Bartoloméde Las Casas, a Spanish priest, documented some of the atrocities against the native people at the hands of his fellow Spaniards. I feel sick everytime I read his words.
They forced their way into native settlements, slaughtering everyone they found there, including small children, old men, pregnant women, and even women who had just given birth. They hacked them to pieces, slicing open their bellies with their swords as though they were so many sheep herded into a pen.

They even laid wagers on whether they could manage to slice a man in two at a stroke, or cut an individual's head from his body, or disembowel him with a single blow of their axes.

They grabbed suckling infants by the feet and, ripping them from their mothers' breasts, dashed them headlong against the rocks. Others, laughing and joking all the while, threw them over their shoulders into a river, shouting: 'Wriggle, you little perisher.'
While crying out against the injustices done to the Tainos, Las Casas opened the door to injustice against the people of Africa by proposing that Africans be used as slaved instead of the dwindling Taino population.
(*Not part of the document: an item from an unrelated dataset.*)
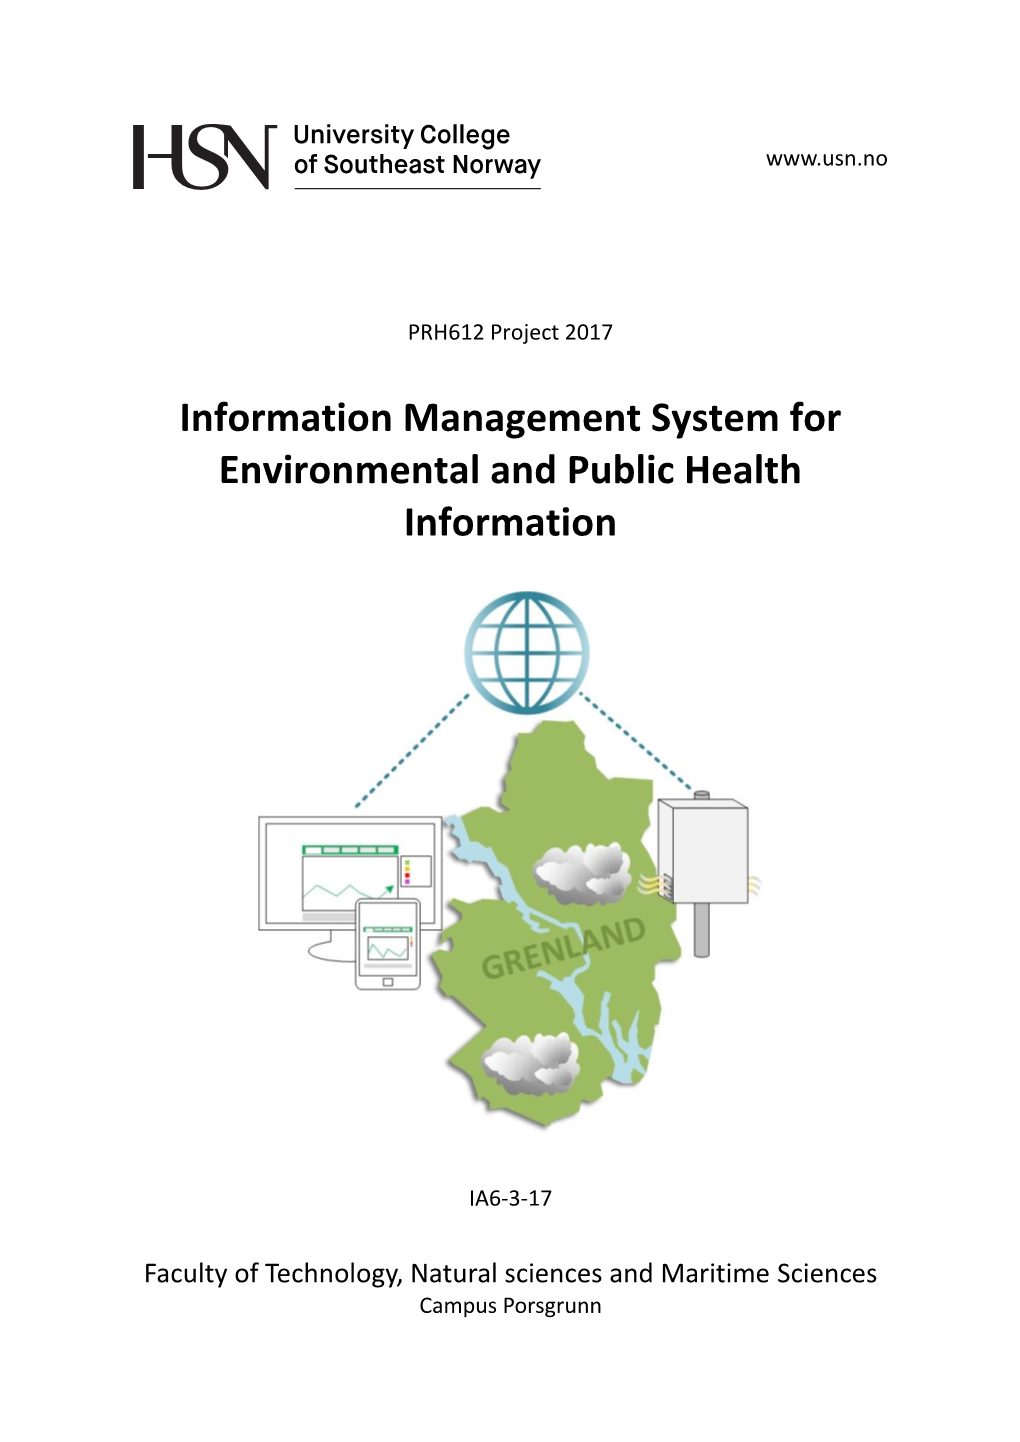 Information Management System for Environmental and Public Health Information

In the USA we celebrate only two national holidays to honor specific men.

Martin Luther King, Jr.
&
Christopher Columbus.

This so clearly reflects the bi-polar nature of American foreign and domestic policy.

Today is Columbus Day.

A Day to mourn.
A Day to speak out against the genocide of an ancient people
A Day to acknowledge and speak out against injustice done to the Tainos, Africans and their descendents.
A Day like every other day when we can make a difference to undo some of the wrongs that have been done.

2 Comments:

At 3:46 PM , Anonymous Anonymous said...

columbus was an idiot and does not deserve to have his own day, just to let u no. by the way this blog is stupid as it was written on columbus day 2005 and today is 1-27-06 and this is still the only comment so far

 
At 1:05 PM , Blogger Peterson Toscano said...

columbushater, yeah, I've been unhappy that no one has responded to this post until you did. Crazy. I do lots of works around lesbian, gay, bisexual and transgender/transsexual issues and I sometimes feel that many in the LGBT community (especially white folks like me) see only our own oppression.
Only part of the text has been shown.